0

I am parsing through an ISI file with a few hundred records that all begin with a 'PT J' tag and end with an 'ER' tag. I am trying to pull the tagged info from each record within a nested loop but keep getting an IndexError. I know why I am getting it, but does anyone have a better way of identifying the start of new records than checking the first few characters?

    while file:
        while line[1] + line[2] + line[3] + line[4] != 'PT J':
            ...                
            Search through and record data from tags
            ...

I am using this same method and therefore occasionally getting the same problem with identifying tags, so if you have any suggestions for that as well I would greatly appreciate it!

Sample data, which you'll notice does not always include every tag for each record, is:

    PT J
    AF Bob Smith
    TI Python For Dummies
    DT July 4, 2012
    ER

    PT J
    TI Django for Dummies
    DT 4/14/2012
    ER

    PT J
    AF Jim Brown
    TI StackOverflow
    ER
MTP
  • 387
  • 1
  • 3
  • 8
  • I would like to point out that I am converting this to a .txt as well before reading it. – MTP Jul 06 '12 at 02:47

3 Answers3

3
with open('data1.txt') as f:
    for line in f:
        if line.strip()=='PT J':
            for line in f:
                if line.strip()!='ER' and line.strip():
                    #do something with data
                elif line.strip()=='ER':
                     #this record ends here move to the next record
                     break
Ashwini Chaudhary
  • 244,495
  • 58
  • 464
  • 504
  • I think I see what's going on here, however, how would I access different lines to manipulate or test them? Since line is acting as an iterator, we can't say within the nested 'if' statement something to the effect of line=file.readline() What would replace the line=file.readline() to allow me to get to specific lines??? I ask because in some instances there are multiple entities per tag. – MTP Jul 07 '12 at 03:54
2

Do the 'ER' lines only contain 'ER'? That would be why you're getting IndexErrors, because line[4] doesn't exist.

The first thing to to try would be:

while not line.startswith('PT J'):

instead of your existing while loop.

Also, slices:

line[1] + line[2] + line[3] + line[4] == line[1:5] 

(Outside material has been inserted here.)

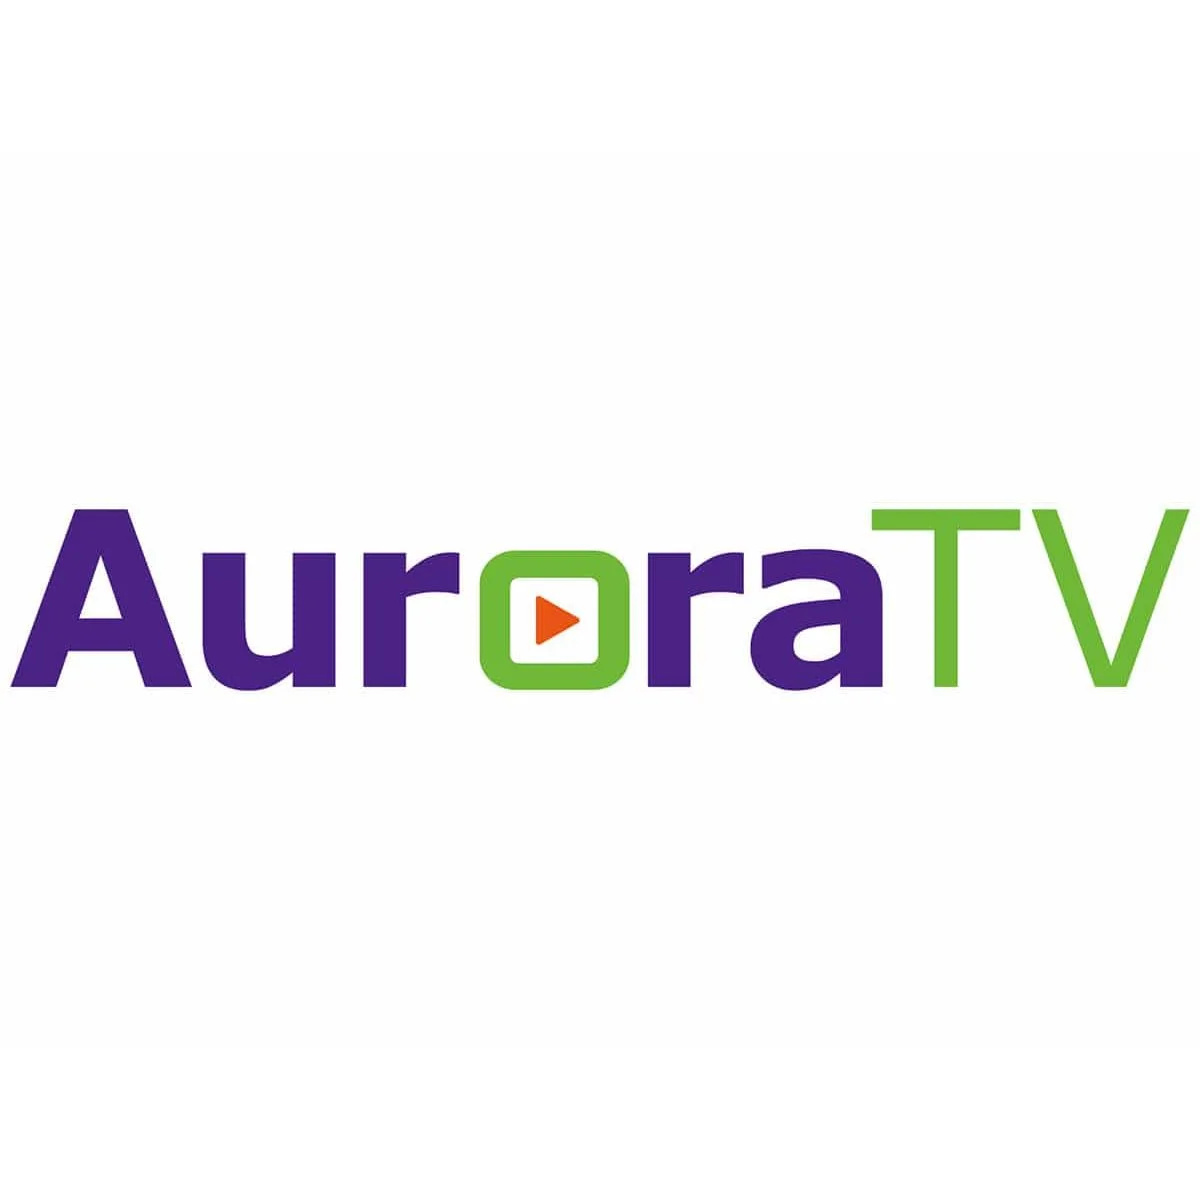 AuroraTV
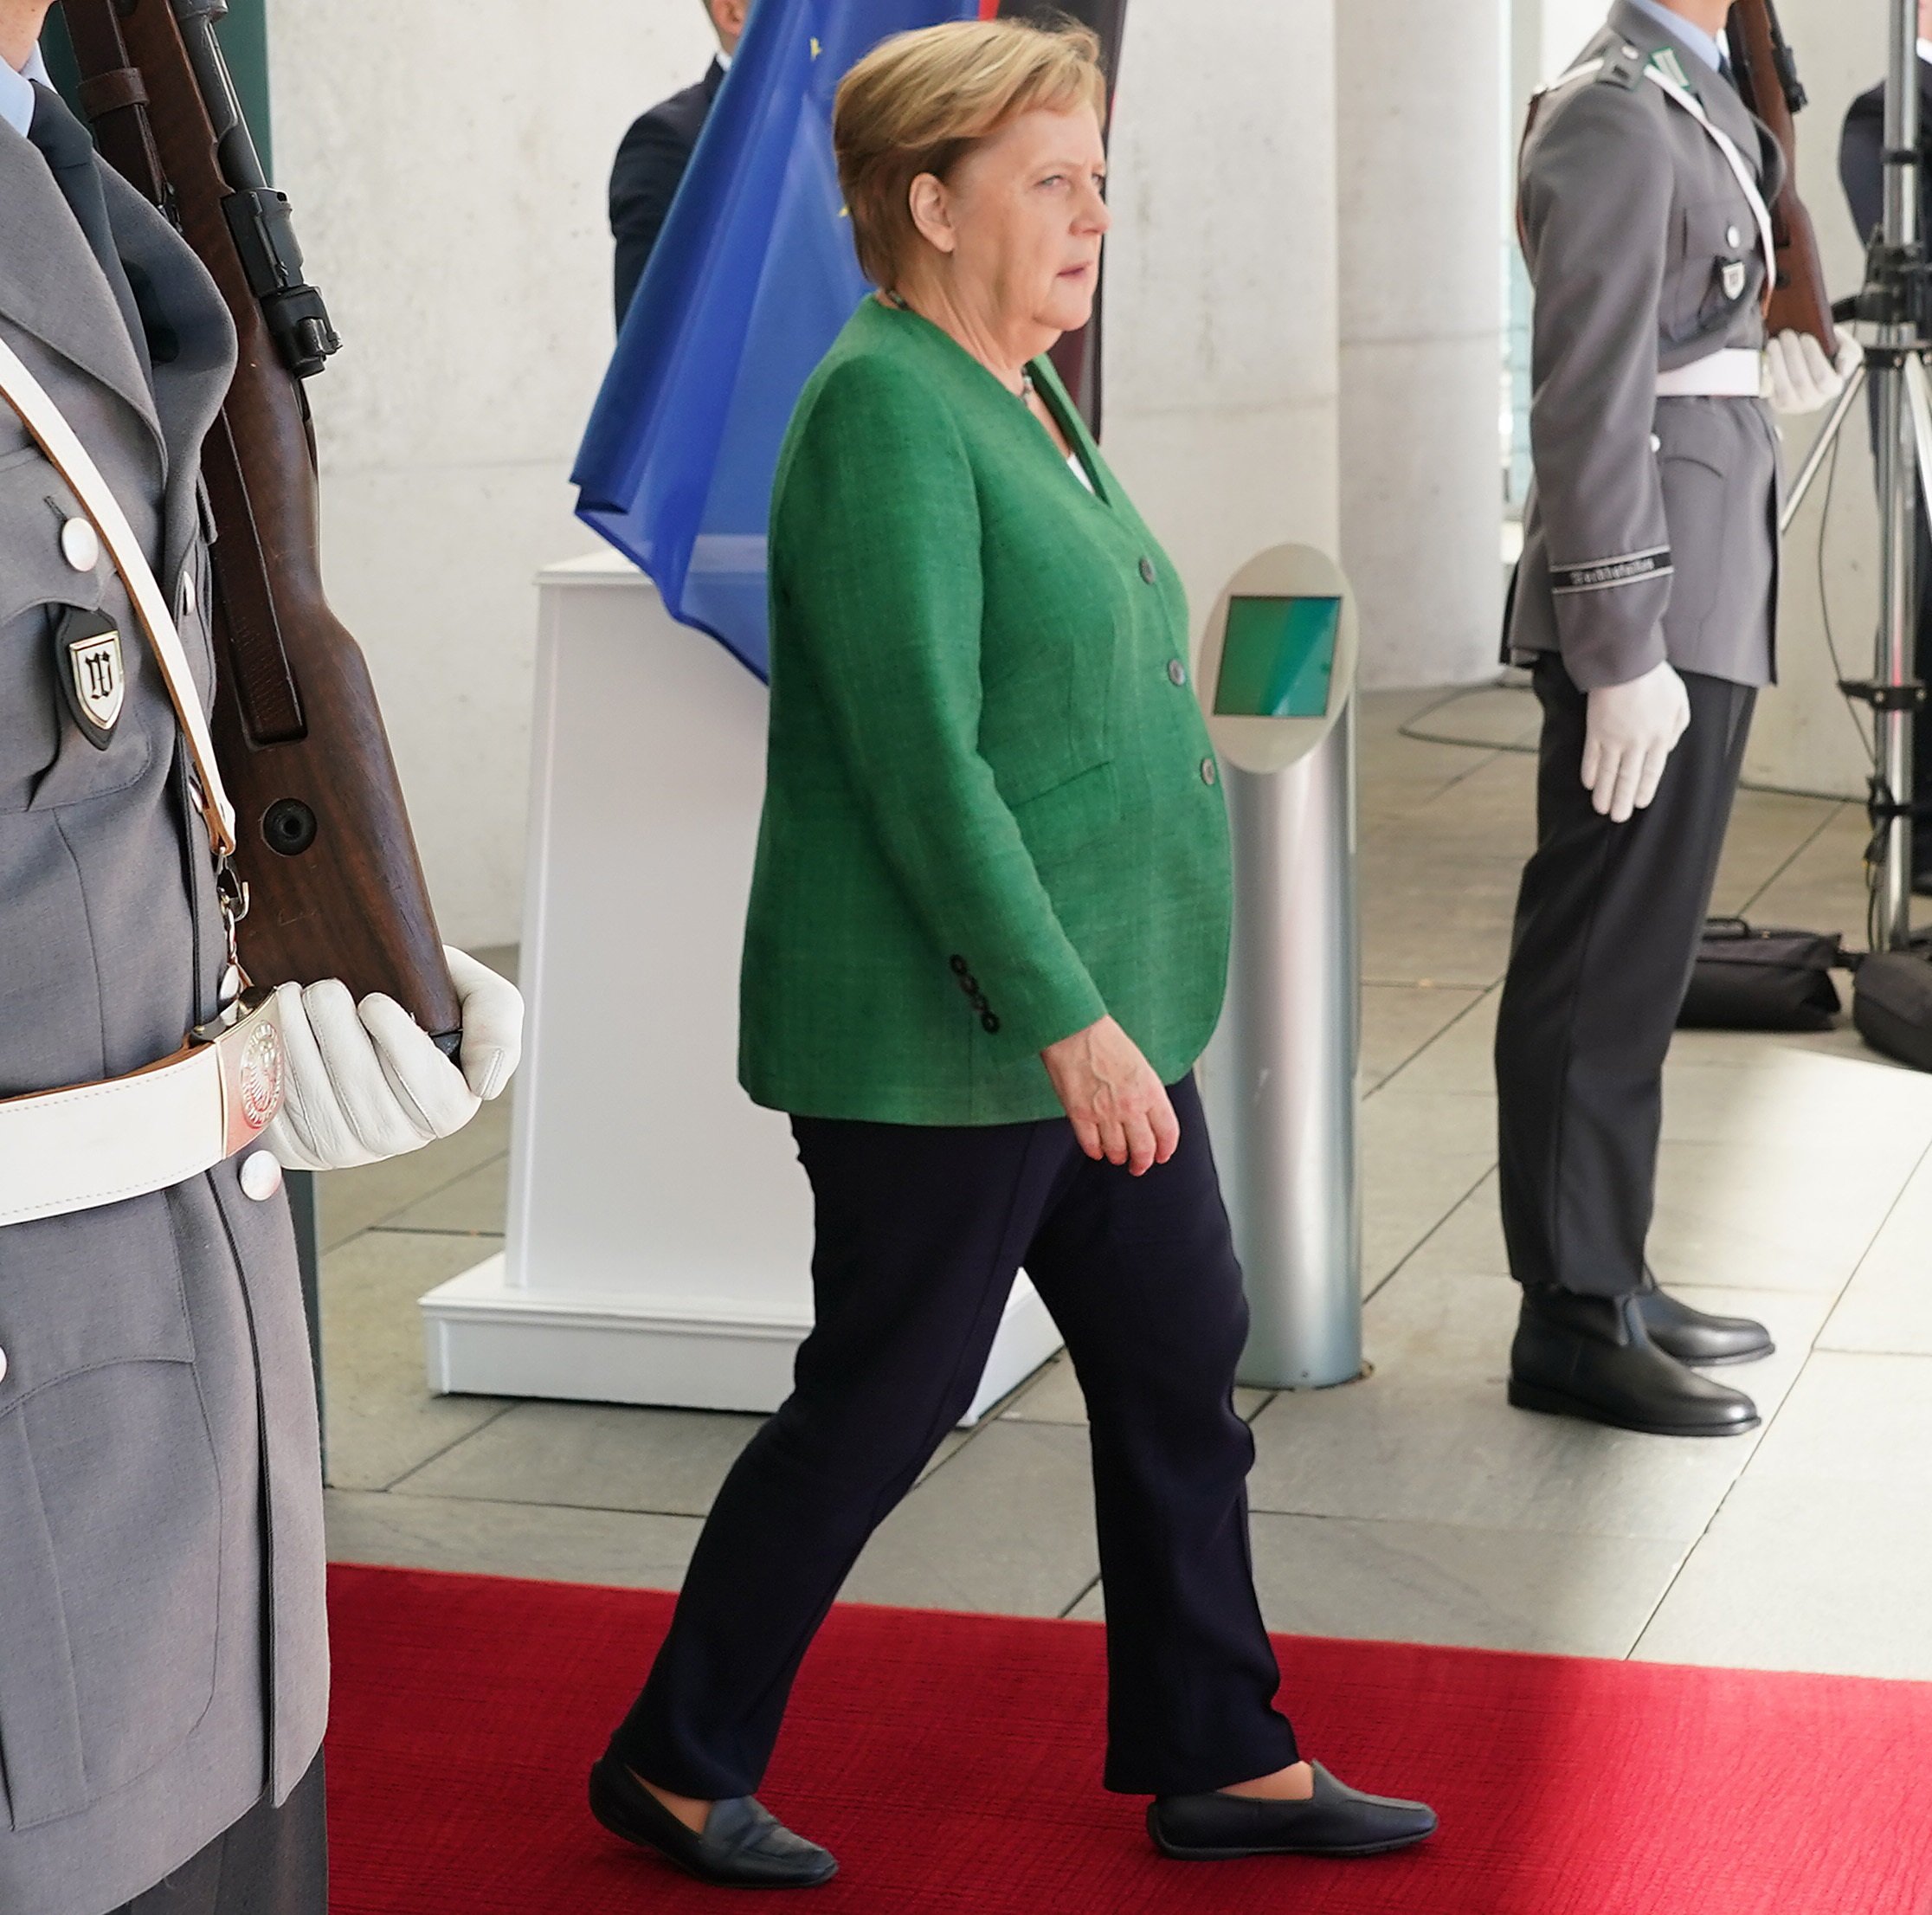 Angela Merkel en camino a recibir a Ursula von der Leyen en la Cancillería, el 18 de septiembre de 2020 en Berlín, Alemania. | Foto: Getty Images

(The ends of slices are noninclusive)

Marius
  • 58,213
  • 16
  • 107
  • 105
0

You could try an approach like this to read through your file.

with open('data.txt') as f:
    for line in f:
        line = line.split() # splits your line into a list of character sequences
                            # separated based on whitespace (blanks, tabs)
        llen = len(line)
        if llen == 2 and line[0] == 'PT' and line[1] == 'J': # found start of record
           # process
           # examine line[0] for 'tags', such as "AF", "TI", "DT" and proceed
           # as dictated by your needs. 
           # e.g., 

        if llen > 1 and line[0] == "AF": # grab first/last name in line[1] and line[2]

           # The data will be on the same line and
           # accessible via the correct index values.

        if lline == 1 and line[0] == 'ER': # found end of record.

This definitely needs more "programming logic" (most likely embedded loops, or better yet, calls to functions) to put everything in the right order/sequence, but the basic constructs are there and I hope will get you started and gives you some ideas.

Levon
  • 138,105
  • 33
  • 200
  • 191